The stemming algorithm
Letters in Romanian include the following accented forms:
-
ă â î ş ţ
The following letters are vowels:
-
a ă â e i î o u
RV and R1 are first set up in the standard way, but then they are adjusted so that the
region before them contains at least 3 letters.

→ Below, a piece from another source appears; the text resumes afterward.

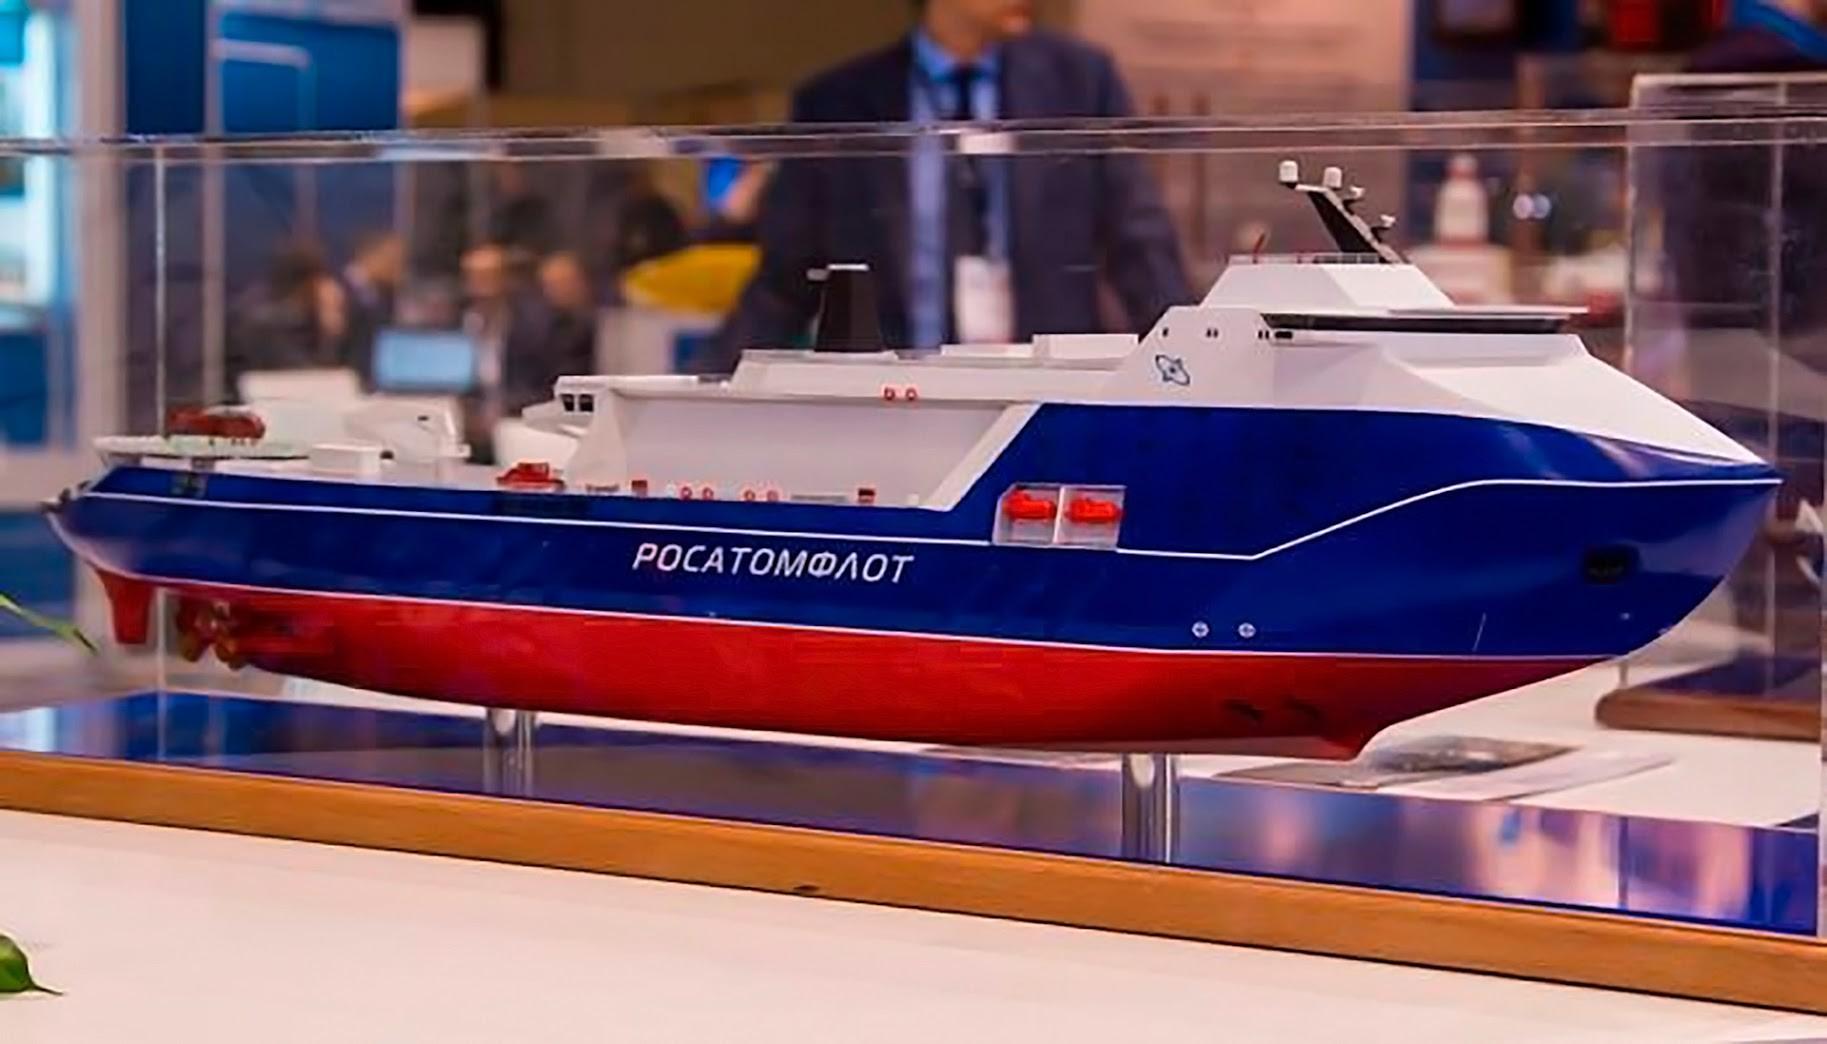 「リーダー」建造は、ソ連時代に建造された砕氷船を更新するための巨額プロジェクトの一つだ。この新鋭艦は、14ノット(約24 km / h)の速度で航行し、最大で厚さ4.4 mの氷を砕くことができる。

RV is the region after the first vowel, or the end of the word
if it contains no vowel.
R1 is the region after the first non-vowel following a vowel, or the end of
the word if there is no such non-vowel.
(See note on R1 and R2.)
For example:
c o n v i n g ă t o r
|<--- RV -->|
|<--- R1 --->|
Words are assumed to be in lower case.
Also, words that contain hyphens (caută-mă) must be separated into the constituent words (caută, mă).
Always do step 1.
Step 1: Verb suffixes in the non-personal moods
-
Search for the longest among the following suffixes in R1, and if found, delete.
-
are ere ire âre
at ut s t it ât
ind ând
indu ându
Do step 2 if no ending was removed by step 1.
Step 2: Verb suffixes in the tenses of the indicative mood
-
Search for the longest among the following suffixes, and perform the action indicated.
-
ez ezi ează esc eşti eşte
ăsc ăşti ăşte
am ai au eam eai ea eau iam
iai ia iau eaţi iaţi
âi
ase use ise âse
aşi arăm arăţi ară
uşi urăm urăţi ură
işi irăm irăţi iră
âşi ârăm ârăţi âră
asem aseşi aserăm aserăţi aseră
usem useşi userăm userăţi useră
isem iseşi iserăm iserăţi iseră
âsem âseşi âserăm âserăţi
âseră
-
if preceded by a consonant or u, delete if in R1
(the preceding consonant or u need not be in R1)
-
ăm em im âm aţi eţi
iţi âţi seise sese seşi
serăm serăţi seră sesem seseşi
seserăm seserăţi seseră
-
delete if in R1
-
ui
-
if preceded by a consonant other than l, delete if in R1
(the preceding consonant need not be in R1)
Do each of steps 3 and 4 if no ending was removed by steps 1 or 2.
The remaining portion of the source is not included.